Белфорд тормозит и хочет объяснить, что Андрэ не простая обезьяна, а переродившаяся. Вы подталкиваете его в спину.

02:23

Стоя в мерцающем облаке драконова огня, на перекрестье неоновых потоков, бьющих из полудюжины китайских фасадов, Белфорд выглядит ошарашенно и слегка встревоженно.

– Пора домой, – говорит он убитым голосом. – Я устал. Странный был уик-энд…

Ха, думаете вы, ты даже половины не знаешь!

– Белфорд, милый, странности еще не закончились. Но уже скоро. По крайней мере для тебя.

– Не понимаю, о чем ты говоришь. Я еле на ногах стою.

– Давай ключи, я поведу. Бери Андрэ, садитесь назад.

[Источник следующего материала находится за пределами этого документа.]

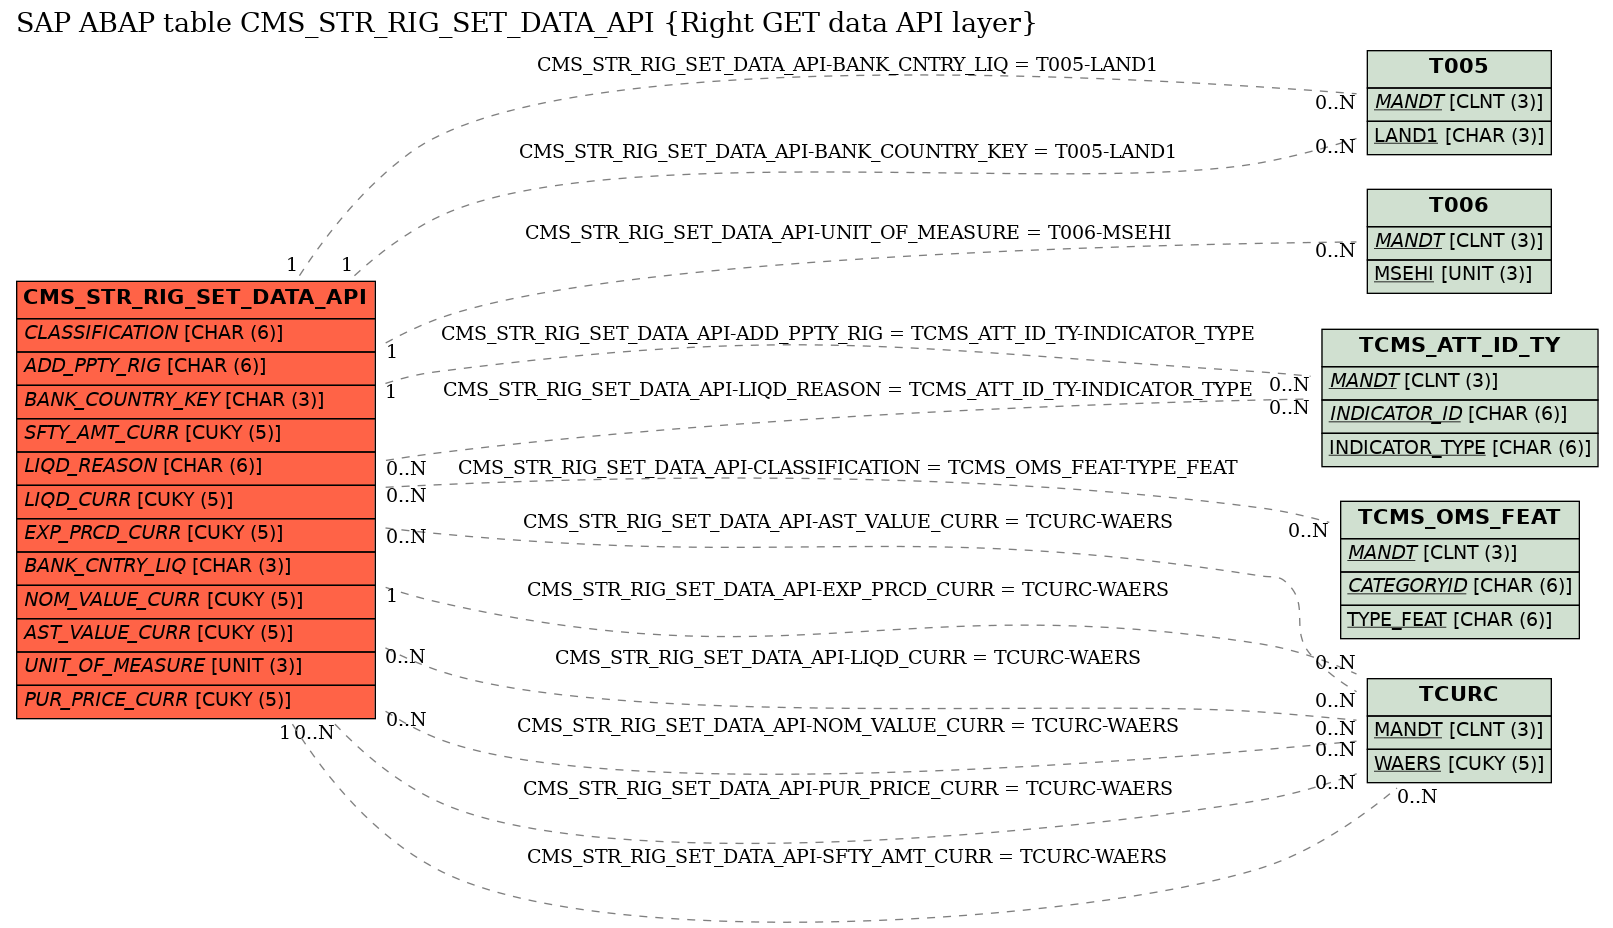 E-R Diagram for table CMS_STR_RIG_SET_DATA_API (Right GET data API layer)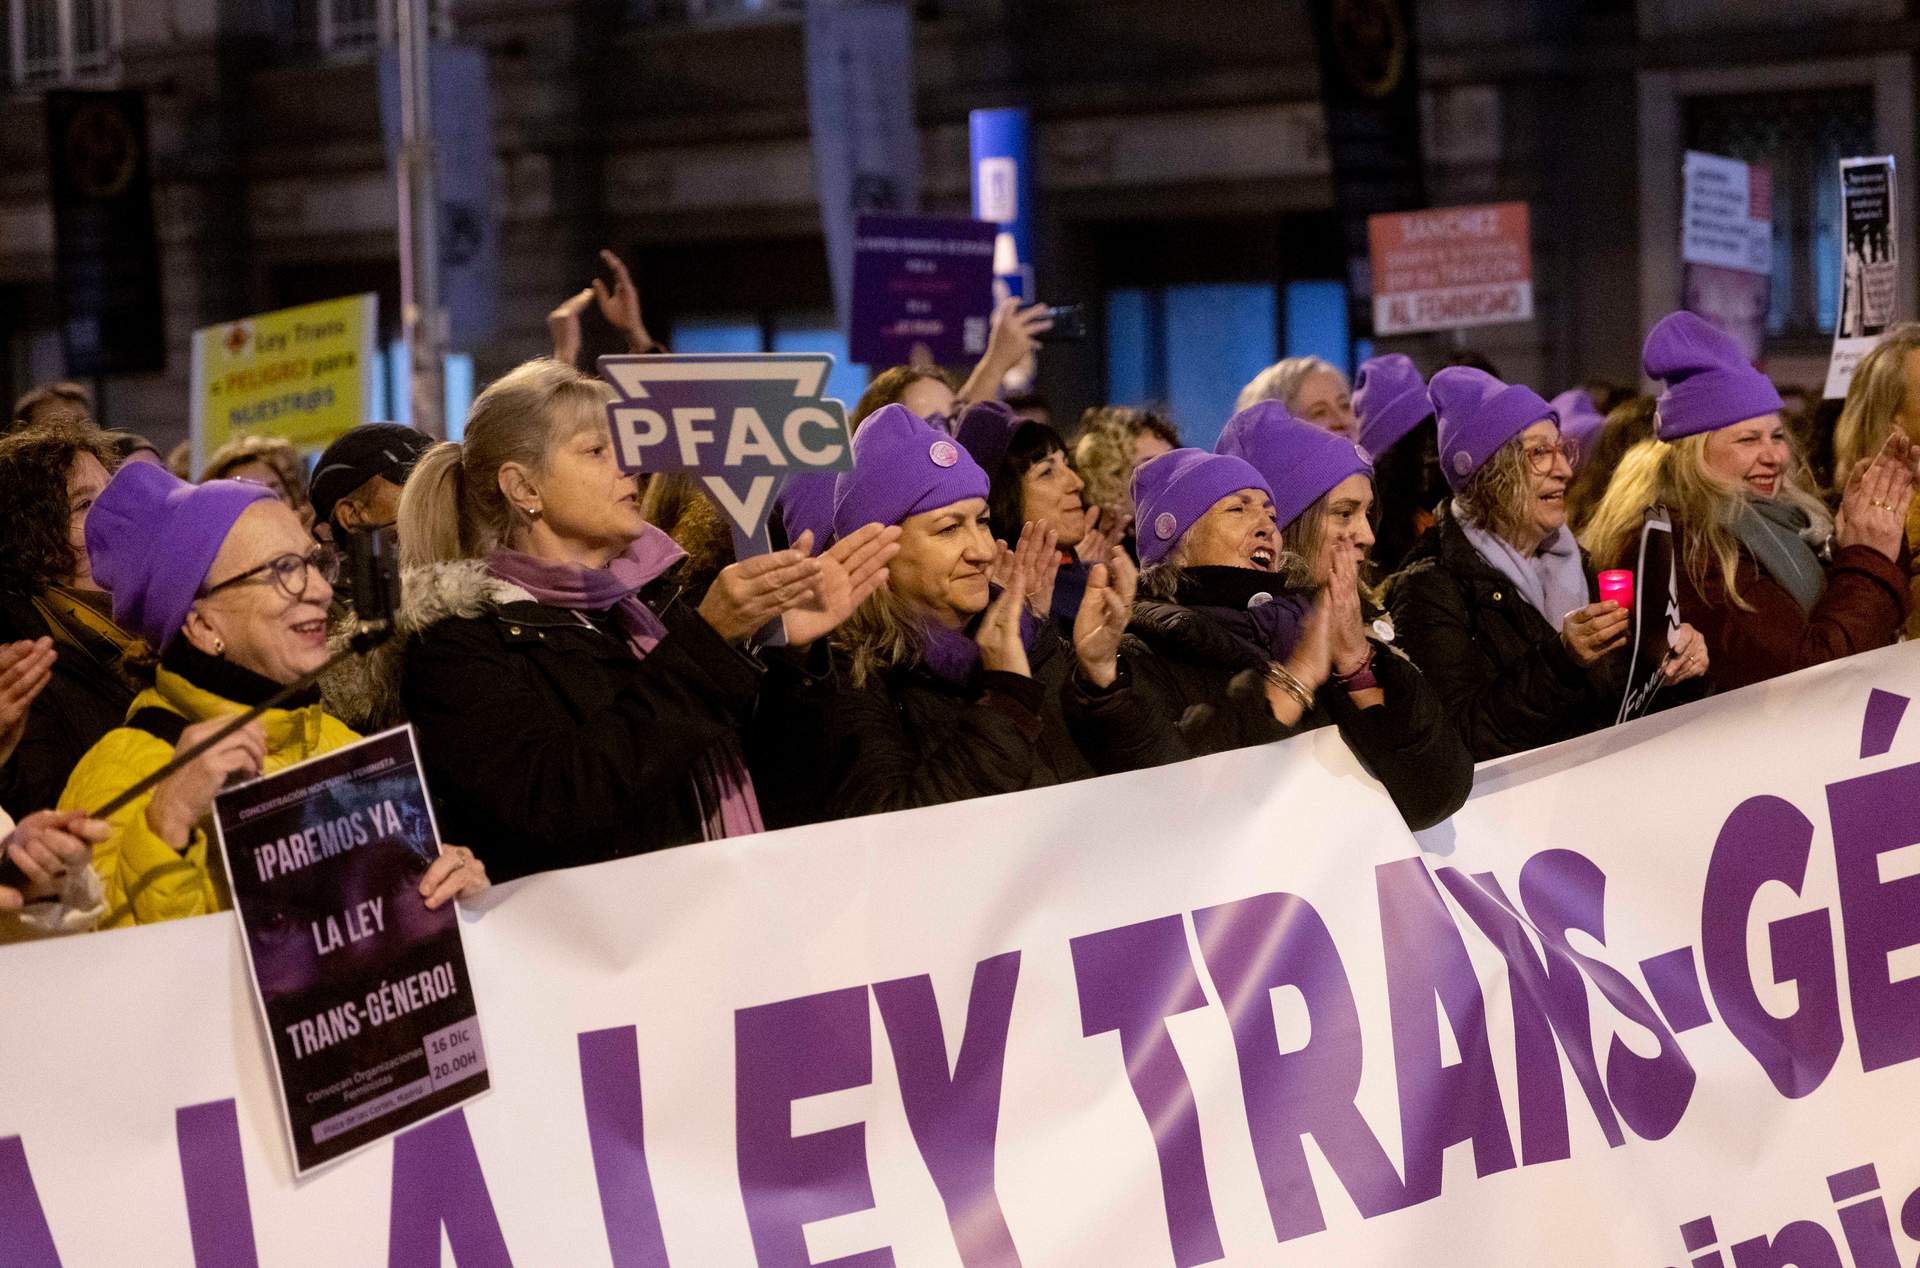 El partido Feministas al Congreso (PFAC) convocó en 2022 una concentración nocturna en protesta contra la denominada 'Ley Trans', que calificaron como "una ley mordaza, homófoba y misógina” que hace "retroceder en derechos a las mujeres y a los menores” (Foto: Alberto Ortega / Europa Press)

Белфорд подчиняется. Вы газуете на восток по Джексон-стрит, потом сворачиваете на север, на Борен-авеню – Белфорд хнычет, что дом совсем в другой стороне, – и останавливаетесь у круглосуточного магазинчика. Там вы покупаете два банановых эскимо и маленький кекс с глазурью, типовой продукт фирмы «Хостесс». Когда вы возвращаетесь в машину и ставите пакет со сладостями у себя в ногах, Андрэ закатывает истерический концерт.

– Почему ты ему не даешь?…

– Потому что еще не заслужил! В этом городе и так хватает тунеядцев. Андрэ пора усвоить: кто не работает, тот не ест.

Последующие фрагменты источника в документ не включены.